Я отправился искать воду. Огненный диск солнца уже скатился по прозрачной синеве неба к краю земли, но было еще душно и жарко.
Когда я вернулся на поляну, крикуны уже спали под ситцевым пологом, заботливо натянутым матерью. Горел костер. Олени ушли кормиться. Мать сидела у костра, чинила детскую рубашонку. Поджидая, когда вскипит чай, мы разговорились.
-- Ты спрашиваешь, как меня зовут? -- охотно говорила женщина. -Хутама, по-русски значит -- краснощекая. А река эта -- Утук, ты угадал. Шибко худой речка, как бешеный...
-- Куда же ты идешь?
-- К матери в Альгому, -- Хутама ощупывает меня любопытным взглядом. -А ты был в Альгоме? Нет? Будешь близко -- заезжай, все равно что город, семь домов, магазин...
-- Зачем бросила надолго малышей, ведь они от одного крика могли умереть?

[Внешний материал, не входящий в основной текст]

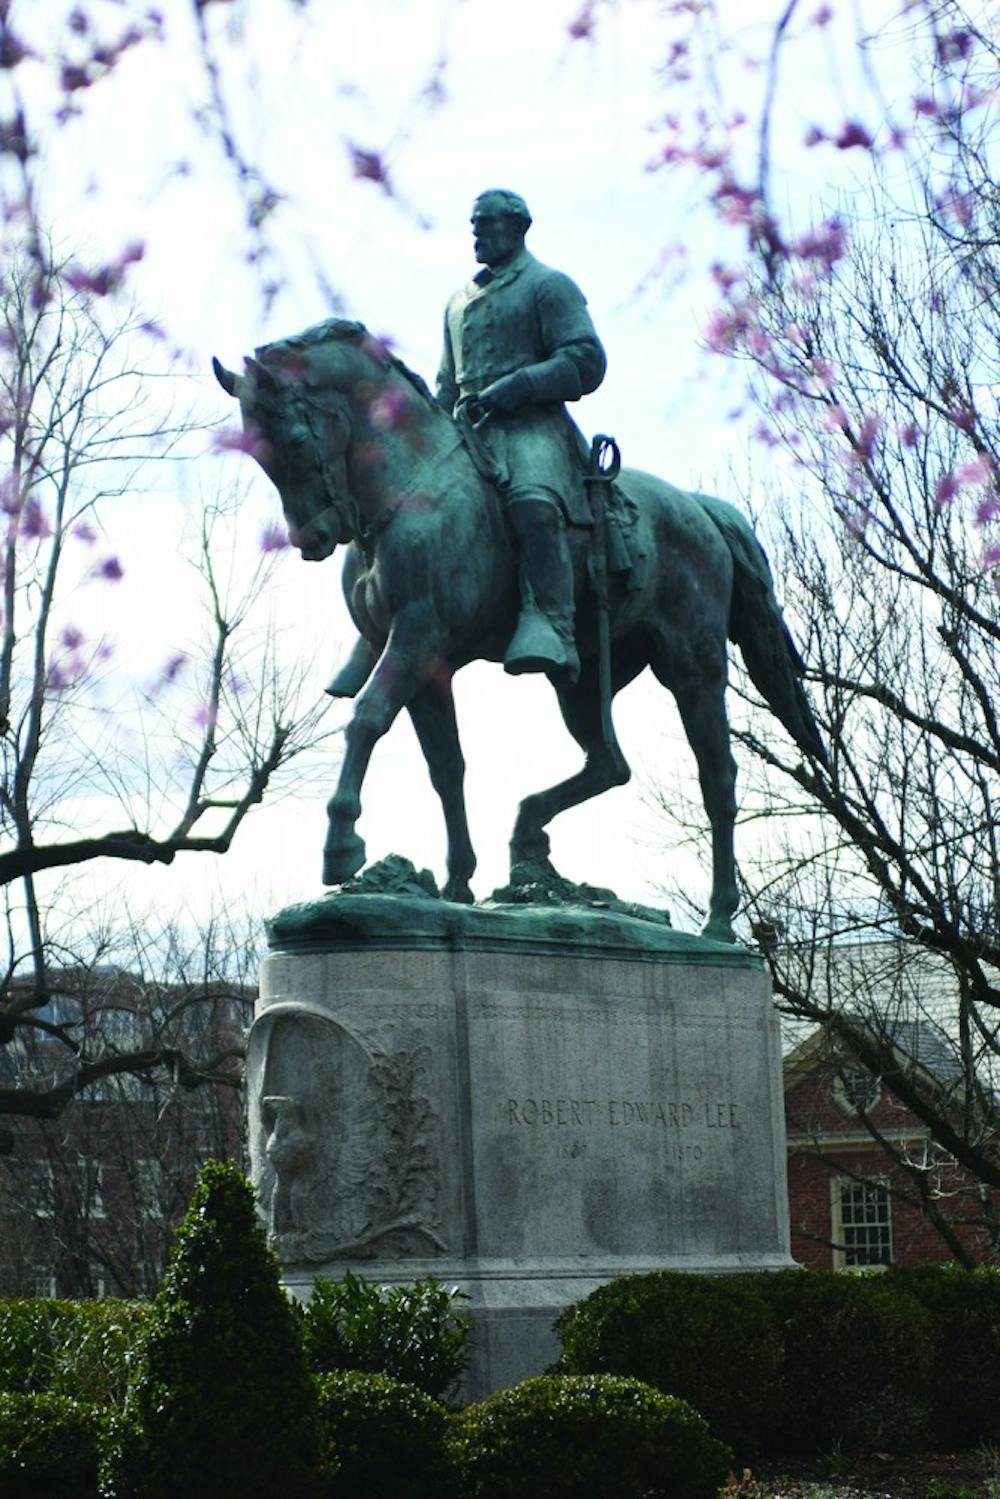 <p>The statue of Robert E. Lee currently resides in Emancipation Park.</p>

-- Олень с вьюком отвязался на тропе, а я сразу не заметила, только здесь спохватилась. Вот и вернулась за ним. Думала, скоро найду, а оно, видишь, весь день пропал... Теперь бы как далеко была!
-- А раньше здесь люди ездили?
-- Может, и ездили, не знаю. Старики пастухи сюда меня послали, говорили, что по Утуку можно пройти до озера Токо правой стороной. Тут где-то солонцы, эвенки раньше добывали баранов. Вот я и поехала. А дорога-то шибко худой, кругом стланик, камень, пропастина. Однако, напрасно послушалась стариков.
-- И ты не побоялась одна ехать?
Она удивленно скосила на меня свои черные малюсенькие глаза.
-- Чего бояться? И одному человеку в тайге хорошо: если на себя надеешься. Ты далеко идешь? Где ружье, топор, есть ли спички? Тут без этого пропадешь...
-- Ружье у товарища, он недалеко остался, на солонцах.
При этих словах Хутама совсем оживилась:
-- Солонцы, говоришь, тут близко, а почему твой котомка без мяса?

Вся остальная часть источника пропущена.